That helps a lot. It was stupid of me to not compare the output from
the two functions.
The second for loop is actually skiiping over some of the values and
hence it takes longer to run when the "plst" is generated.
On Wed, Jun 24, 2009 at 8:16 AM, Luke
Paireepinart wrote:
> Yash wrote:
>>
>> Hello,
>> I am a newbie to python. I am trying to practice writing a code in
>> python and am trying to write a function to generate prime numbers
>> using sieve of Eratosthenes. (code follows at the end of mail)
>>
>> The way it is coded, if I change the for loop over "j" from
>> for j in range( (2*i*(i + 1)), np, (2*i +1)):
>> to
>> for j in range( (2*i*(i + 1)), np, 2*(2*i +1)):
>> I should get the same output for the two (which I do).
>>
>> The second for loop has to make roughly half the iterations compared
>> to the first, because I increased the step-size by factor 2.

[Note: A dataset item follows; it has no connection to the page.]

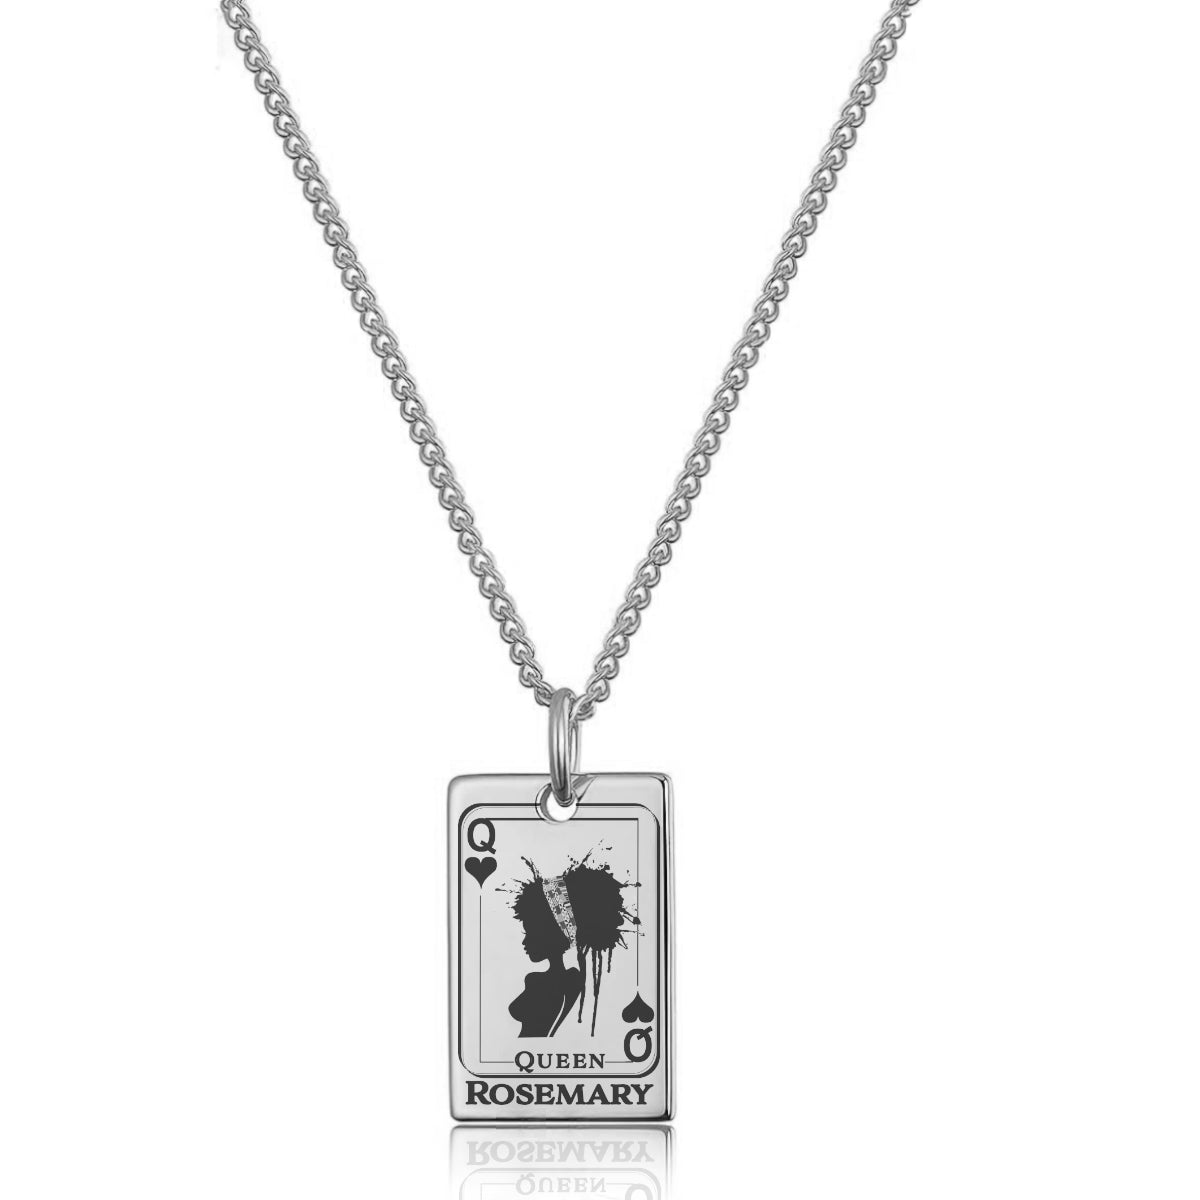 QUEEN OF SPADES QOS Hotwife Necklace Cuckold Lifestyle Jewellery BBC Silver  St1 £13.95 - PicClick UK

>> However when I time the code for the two different for loops, I
>> observe that the code takes longer to run as compared the first for
>> loop.
>>
>
> How do you know it's taking longer to run? How are you profiling your code?
I use the clock() function from time module to measure the total run time.
>
> I just ran your code through timeit, and you're correct, changing that line
> does make the code take longer to run.
> The reason for this is not extremely clear-cut and you'll have to do further
> analysis to confirm this (look into the "timeit" module among others)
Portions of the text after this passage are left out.